ENTRIES SUPPLIED START

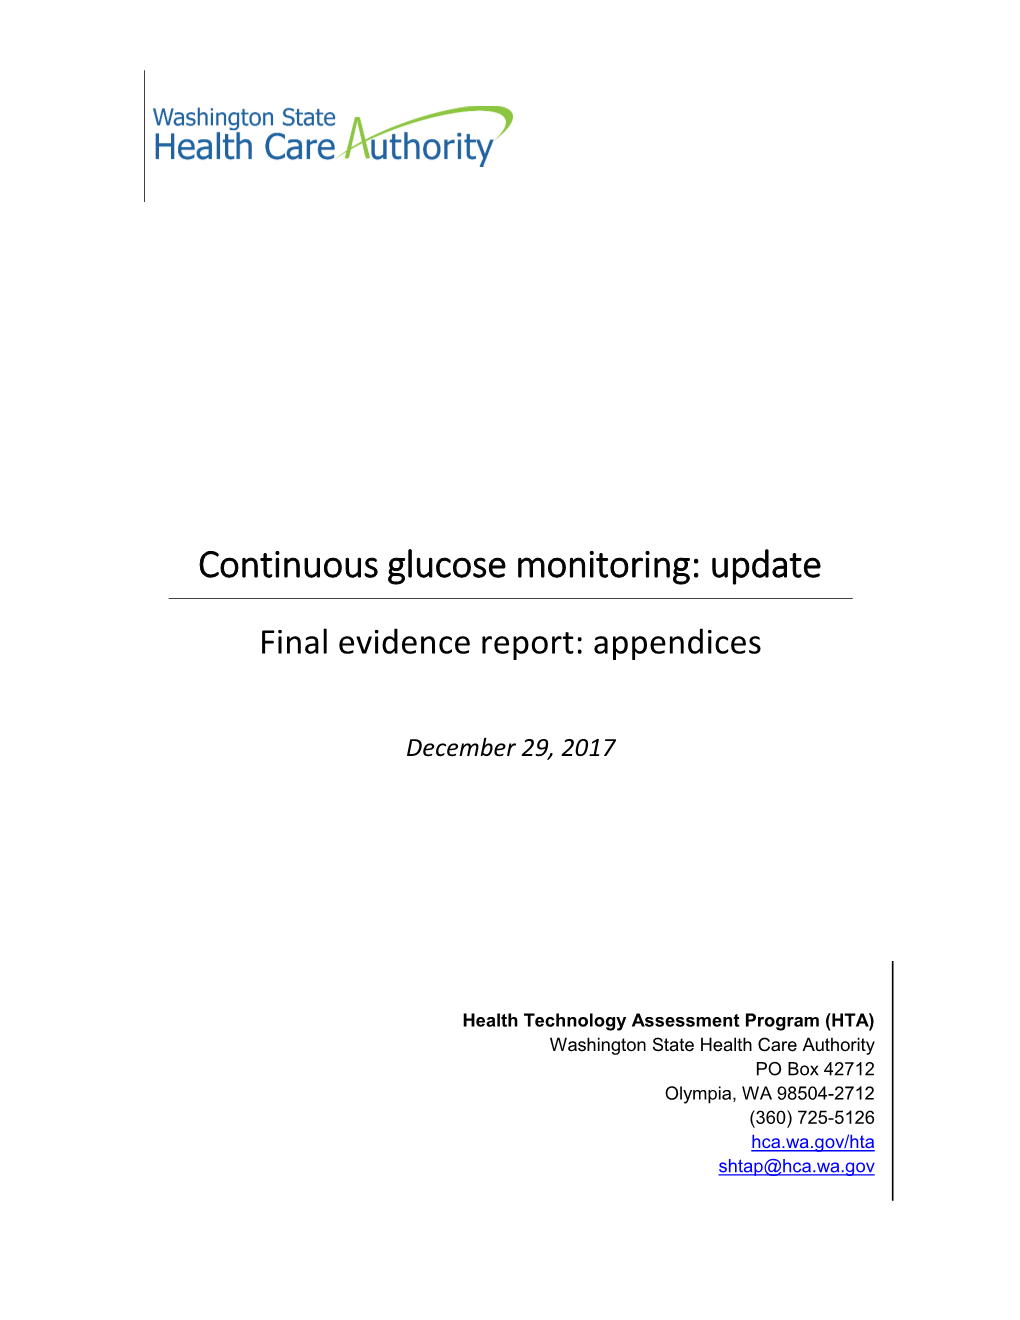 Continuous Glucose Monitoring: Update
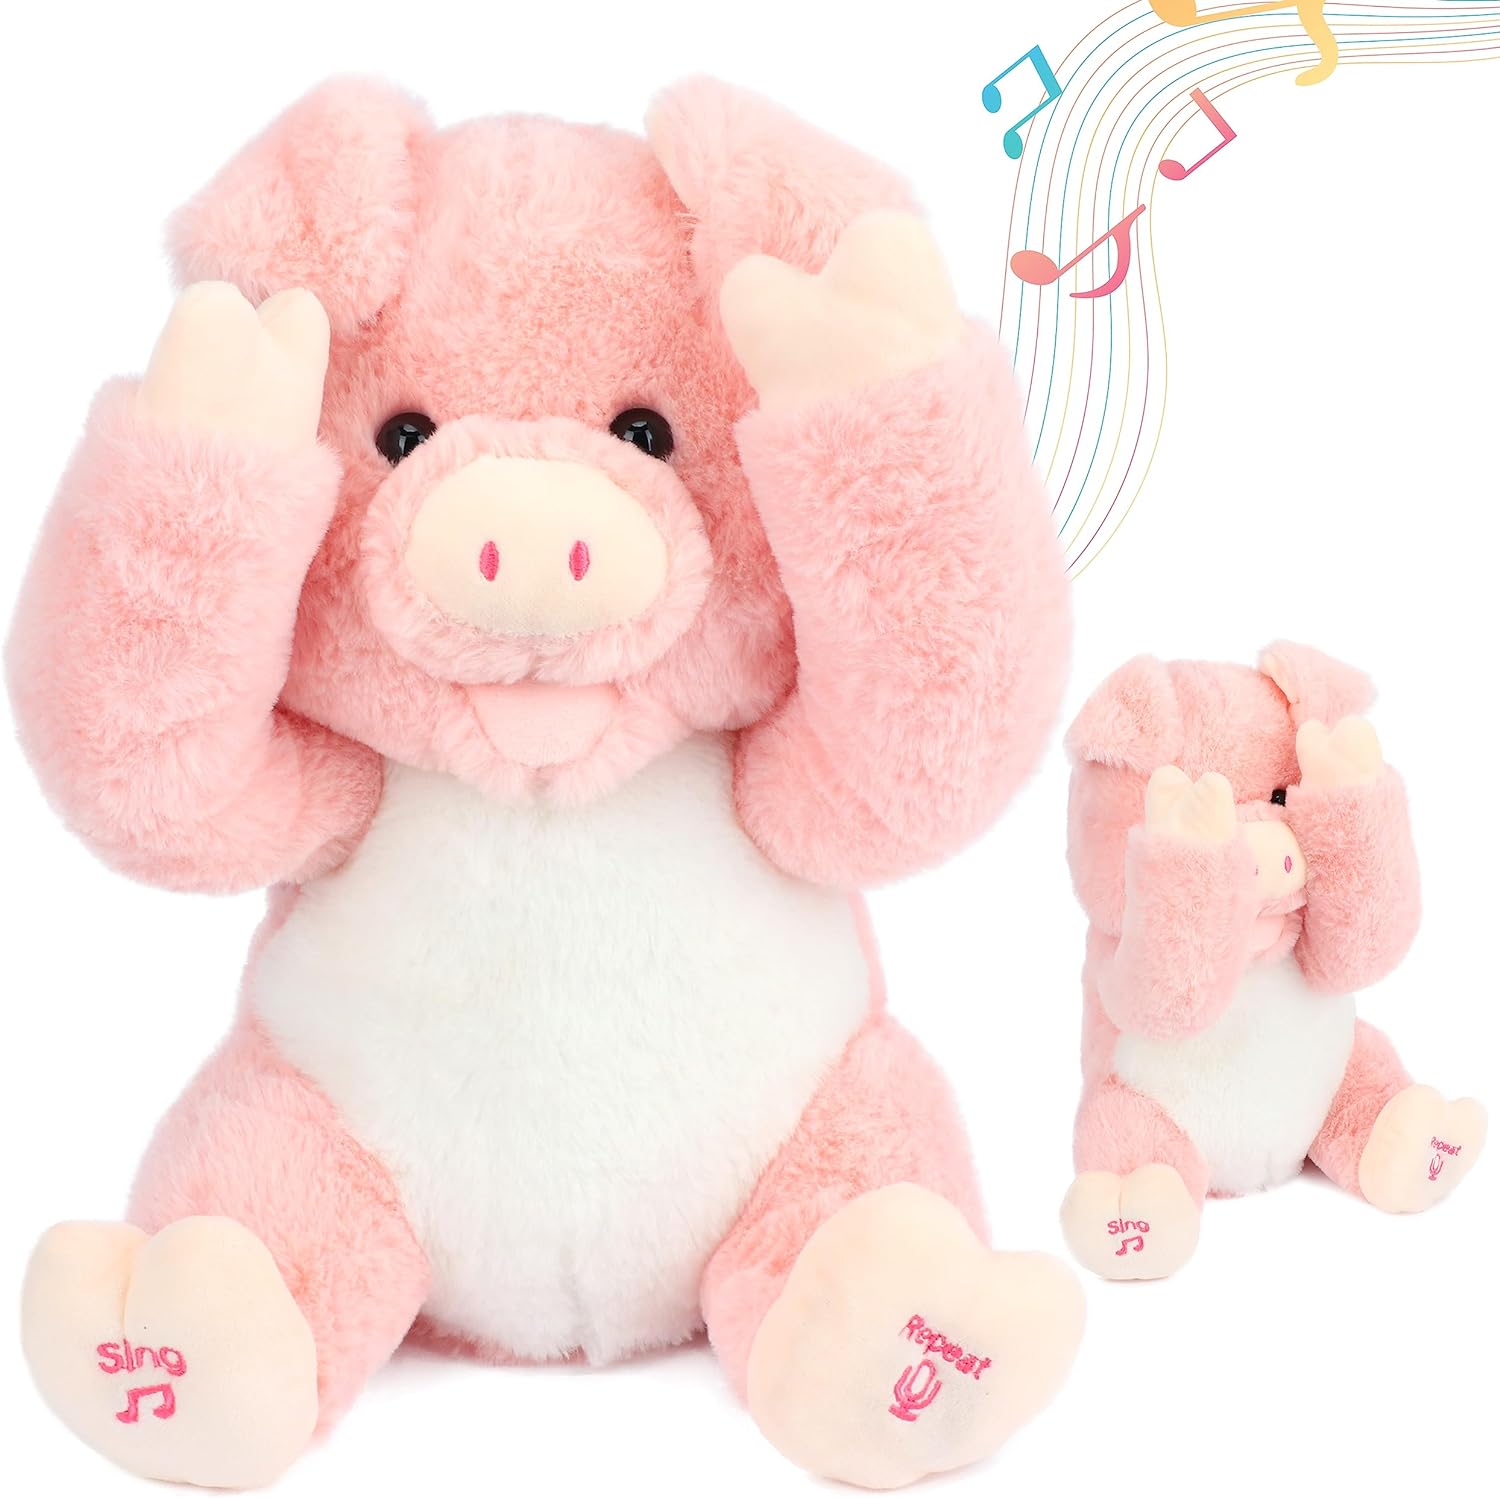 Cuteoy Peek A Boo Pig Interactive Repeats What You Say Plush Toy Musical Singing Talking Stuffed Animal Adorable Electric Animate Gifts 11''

ENTRIES SUPPLIED END
ENTRIES SUPPLIED START

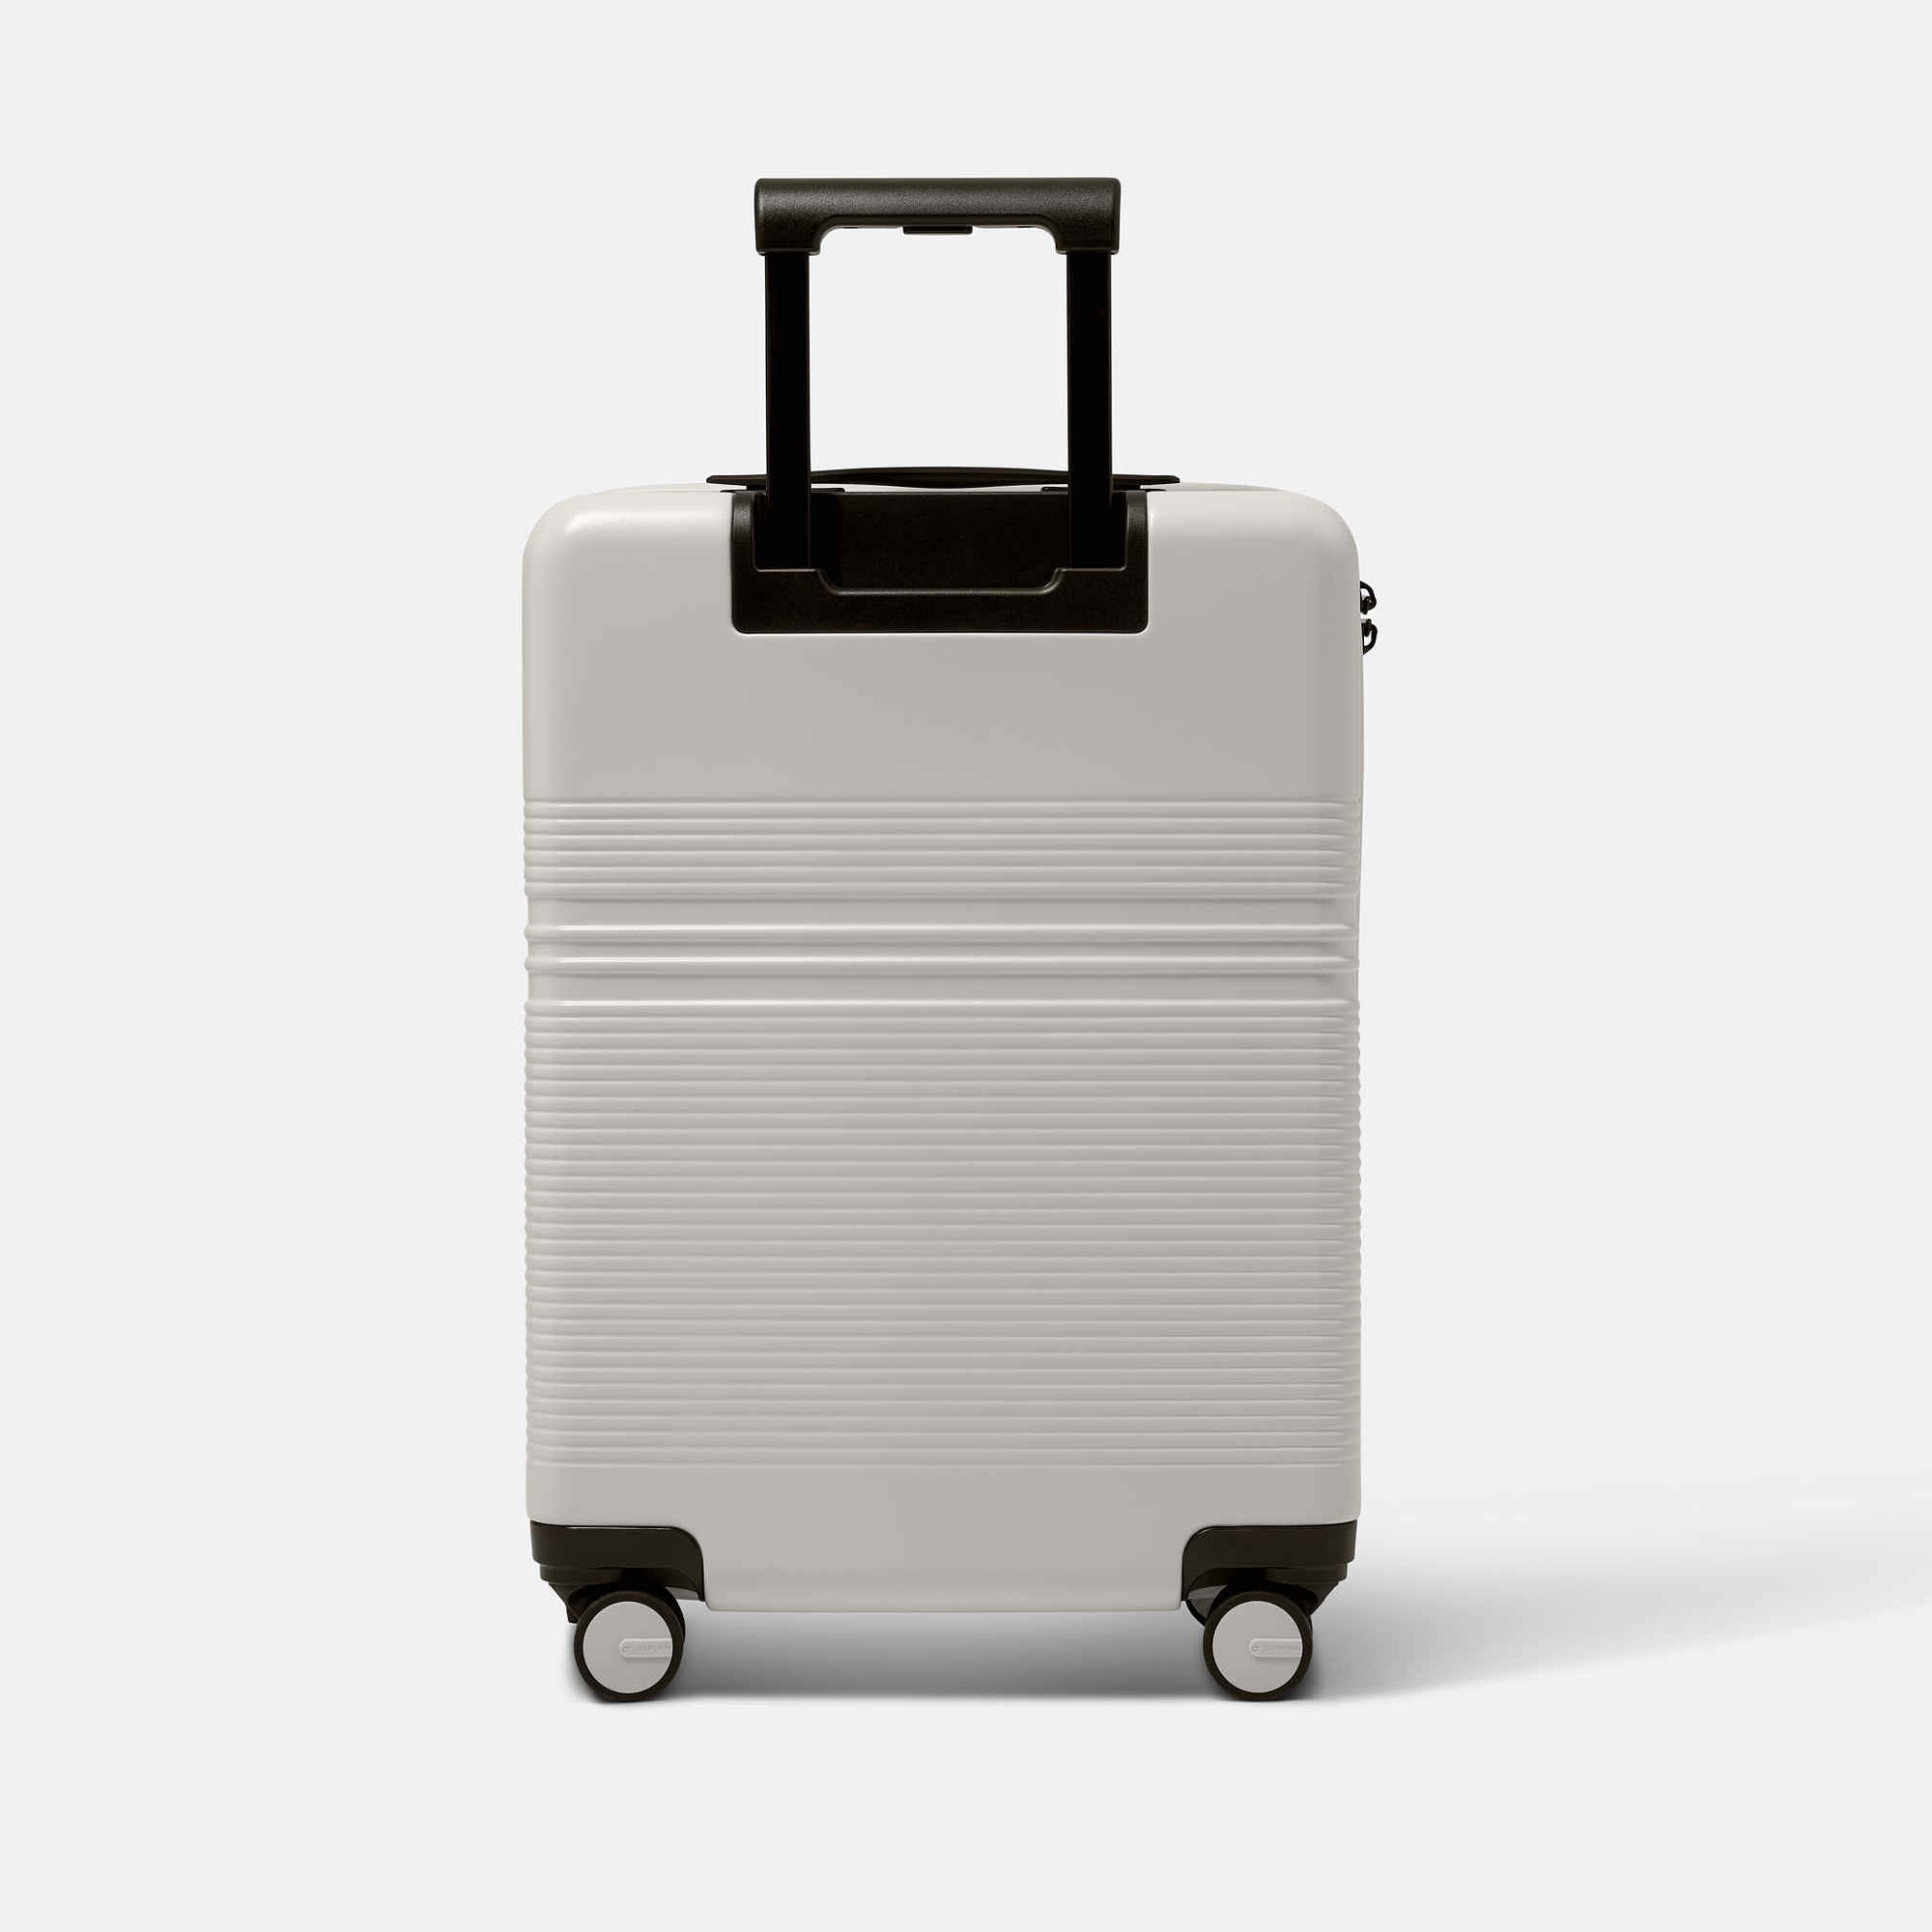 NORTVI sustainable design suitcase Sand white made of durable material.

ENTRIES SUPPLIED END

▶ WORK REQUEST
Nothing but the lines from the one with "Continuous Glucose Monitoring: Update" up to and including the one with "Cuteoy Peek A" should be printed, exactly as they read above. Please keep the pictures out.

▶ RESPONSE TO THIS TASK
 Continuous Glucose Monitoring: Update
 Cuteoy Peek A Boo Pig Interactive Repeats What You Say Plush Toy Musical Singing Talking Stuffed Animal Adorable Electric Animate Gifts 11''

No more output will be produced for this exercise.